# simple program giving me issues:

• 07-13-2013
jocdrew21
simple program giving me issues:
All I want to do is divide the smaller number into the larger one. I has no issues test and getting the right answer. Now I wanted to pass the remainder and this is where the issues came.

After I can effectively get the remainder passed to (int sum2) I want to divide the smaller remainder into the larger one until the remainder is 0. I'll use a "while" statement for this.

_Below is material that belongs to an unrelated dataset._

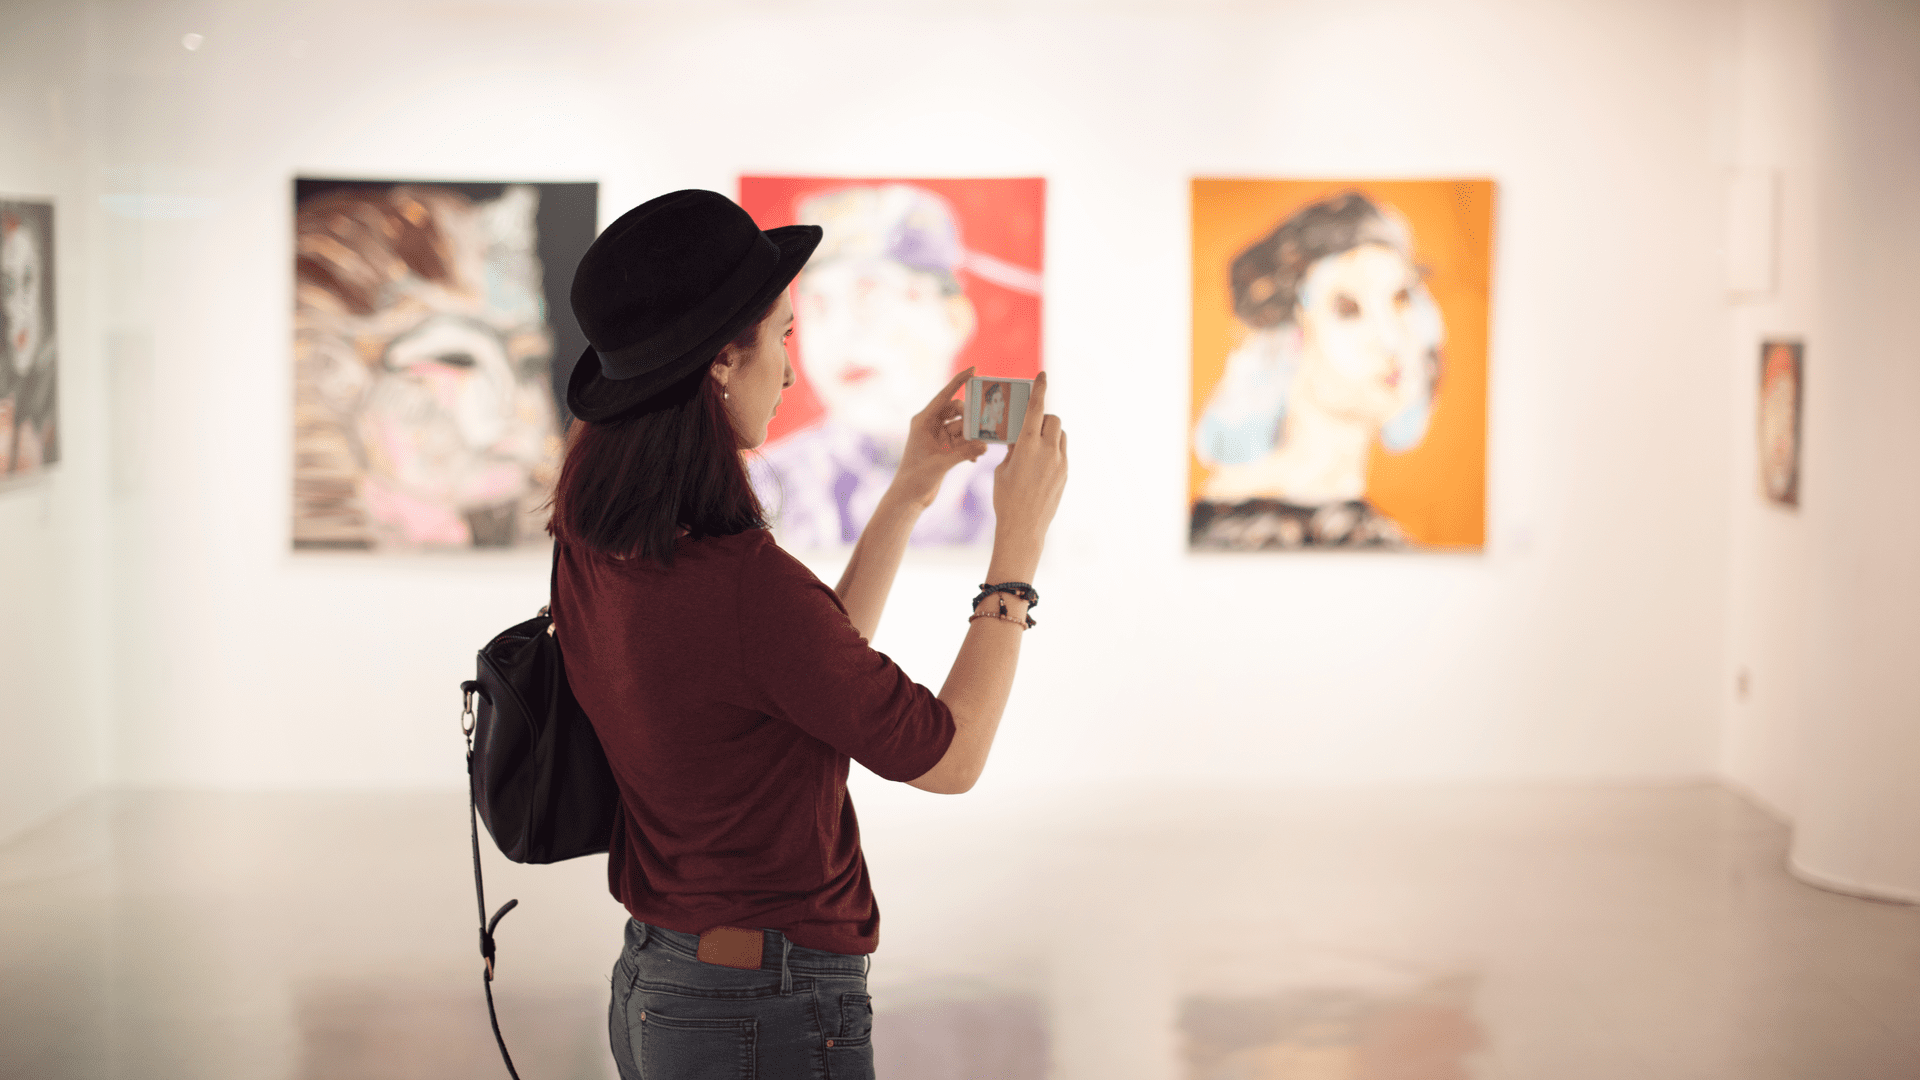 Mẹo nhanh: Bạn hầu như có thể tham quan các bảo tàng tại nhà với Google Arts & Culture

Right now if I divide 9 / 3 = 0 r 3
3 / 9 = 0 r 3

5 / 5 = 32767 R 1606416048

This is a very simple program and I going in circles here. Can anyone help.

Code:

``` int remainder (int, int);          // function protoype // #include <stdio.h> int remainder(int x, int y)        // function header // {     int sum1, sum2;         if (x > y) {                    // the lesser divided into the highier //         sum1 = y / x;         sum2 = y%x;                // the remainder is passed to sum2 //     }     if (y > x) {         sum1 = x / y;         sum2 = x%y;     }       return printf("The answer is %d and the remainder is %d", sum1, sum2);         } int main(int argc, const char * argv[]) {     int x,y;         printf("Enter two numbers\n");     scanf("%d%d",&x, &y);         remainder(x, y);        // function called //         return 0; } ```
• 07-13-2013
vart
Well - what do you think your program should print when y==x?
• 07-13-2013
Barney McGrew
Three issues.

If x == y, sum1 and sum2 will be referenced without having a value stored in them, which seems to be the problem you're most concerned with. I'm sure you can fix that.

const char ** isn't compatible with char **, so your definition for main may not be allowed by your C implementation.

If scanf returns a value that isn't 2, x or y will be referenced without having a value stored in them.

EDIT: Also, you don't print a terminating new line to stdout.